"""

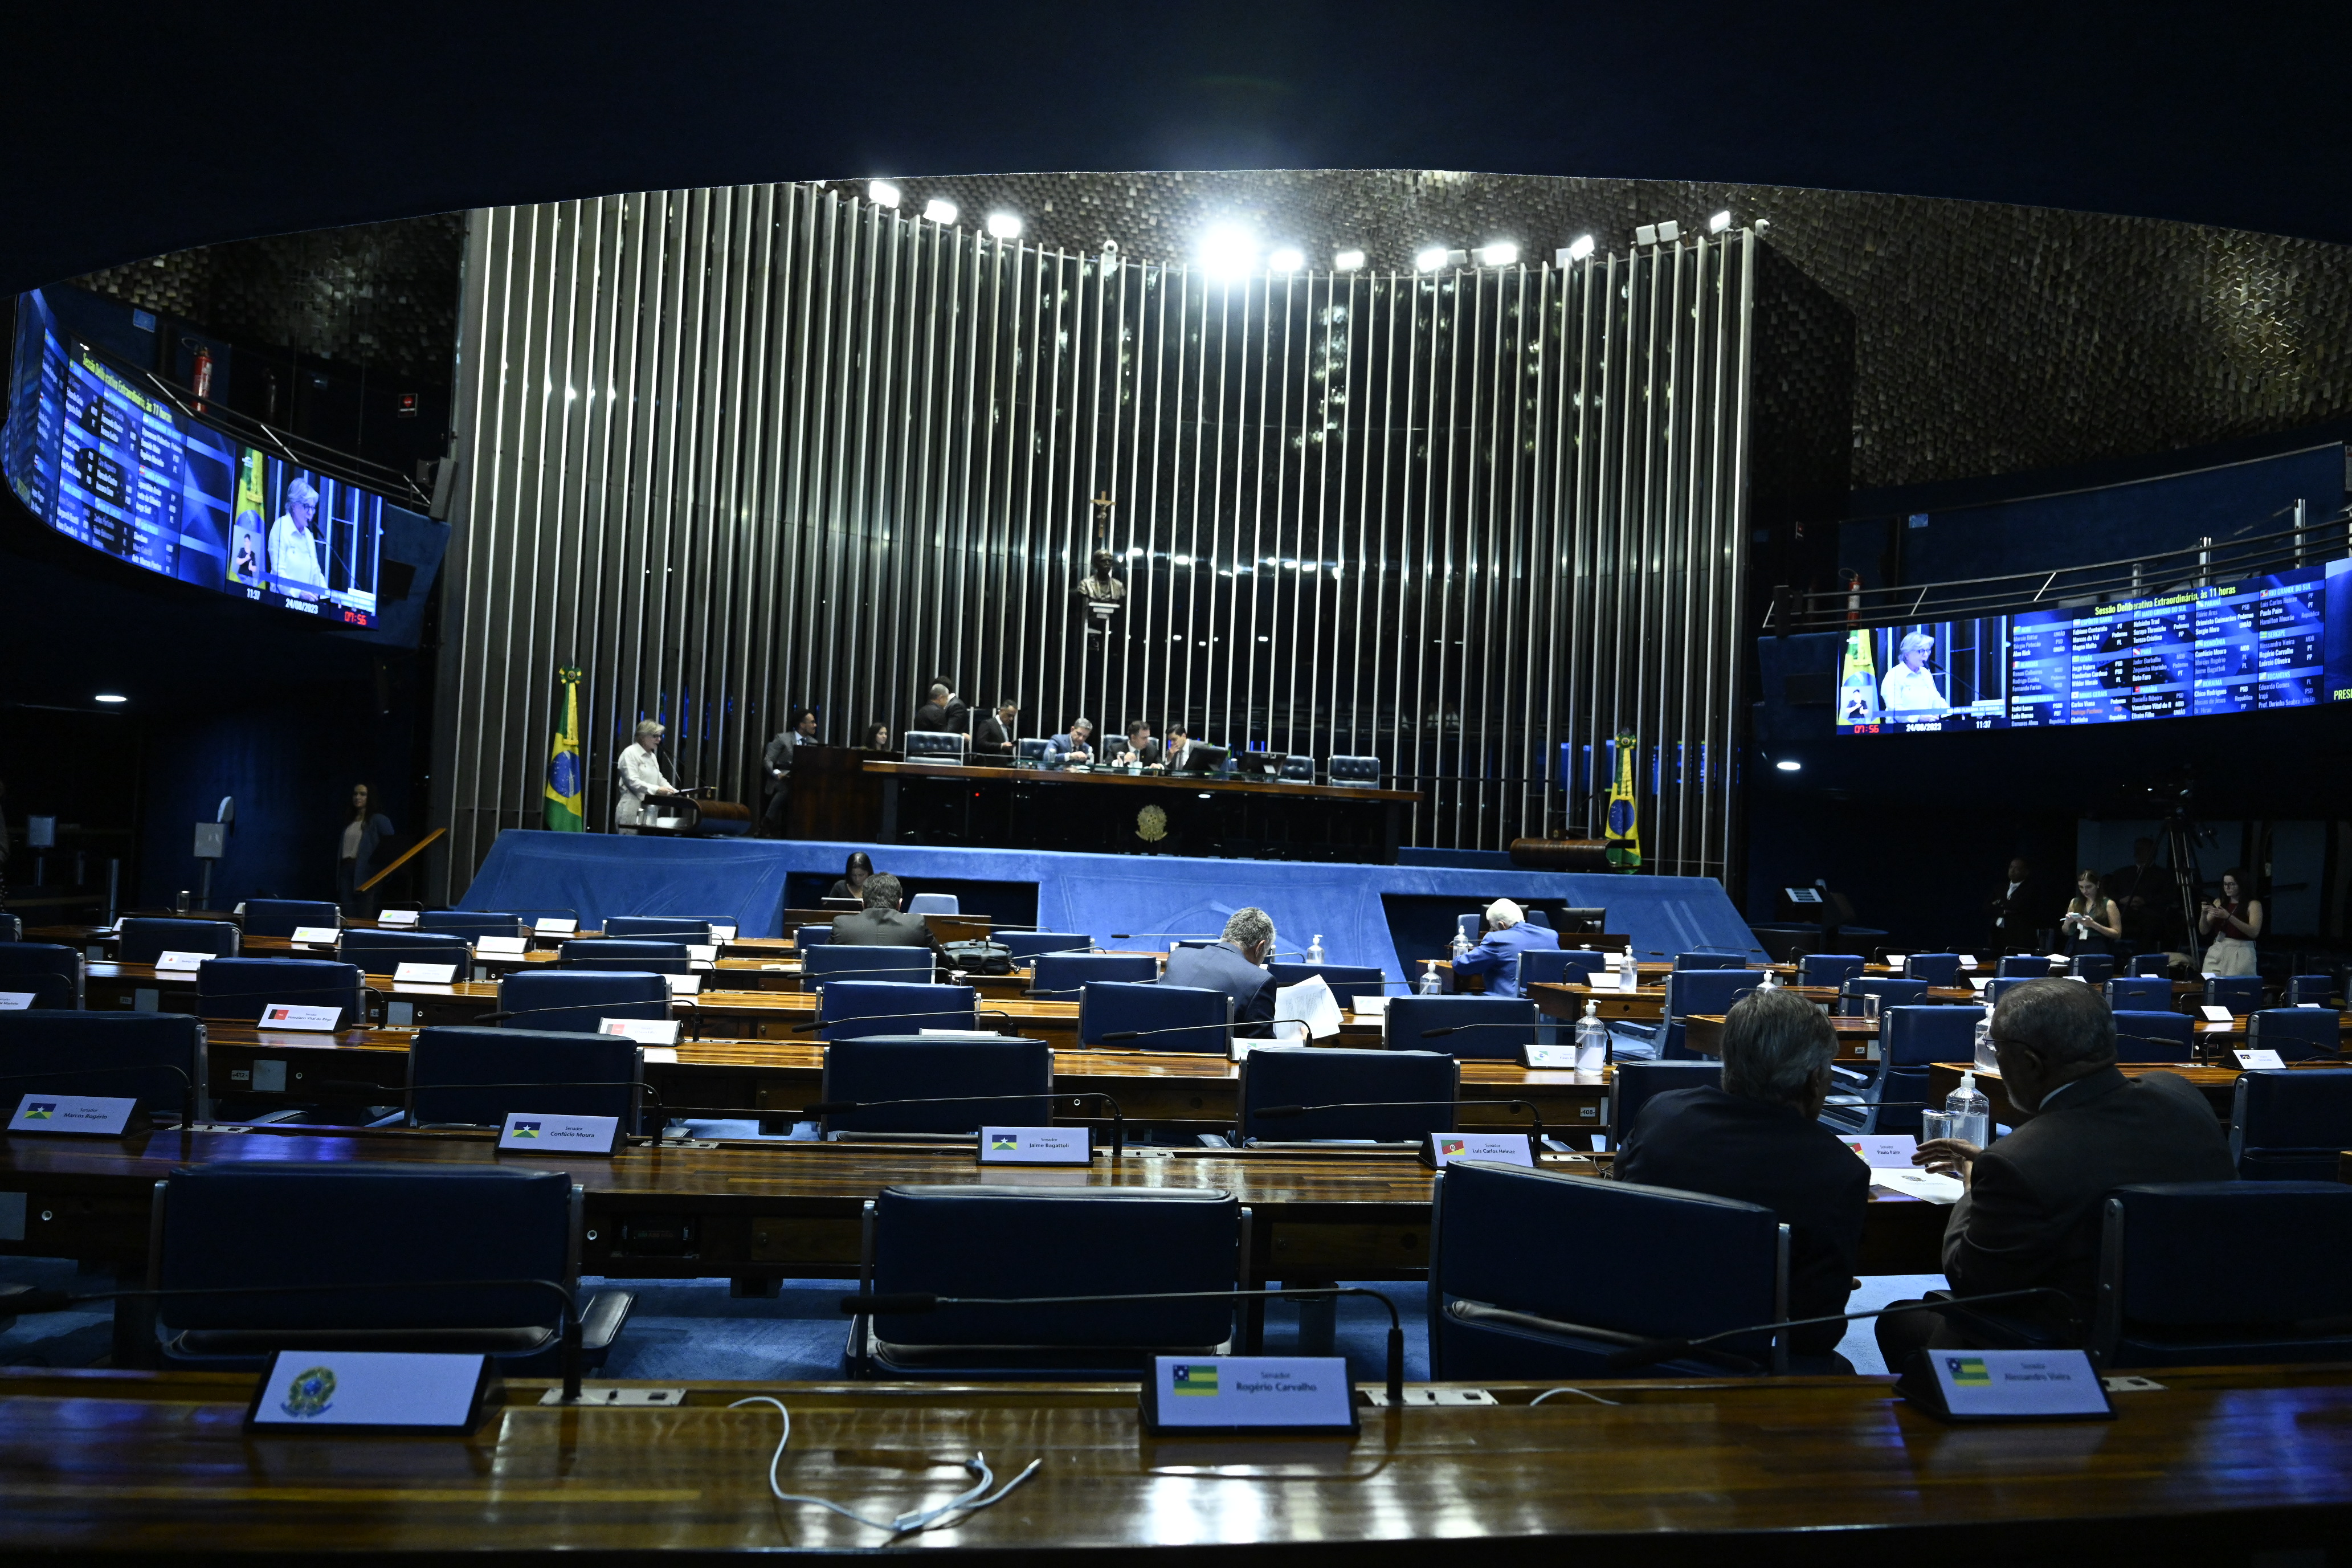 Bancada:
senador Jaques Wagner (PT-BA); 
senador Eduardo Girão (Novo-CE); 
senador Marcos do Val (Podemos-ES).

"""

● Work to complete: In the material above, how many lines contain the string "senador"? Respond with that number by itself.

● Task answer: 3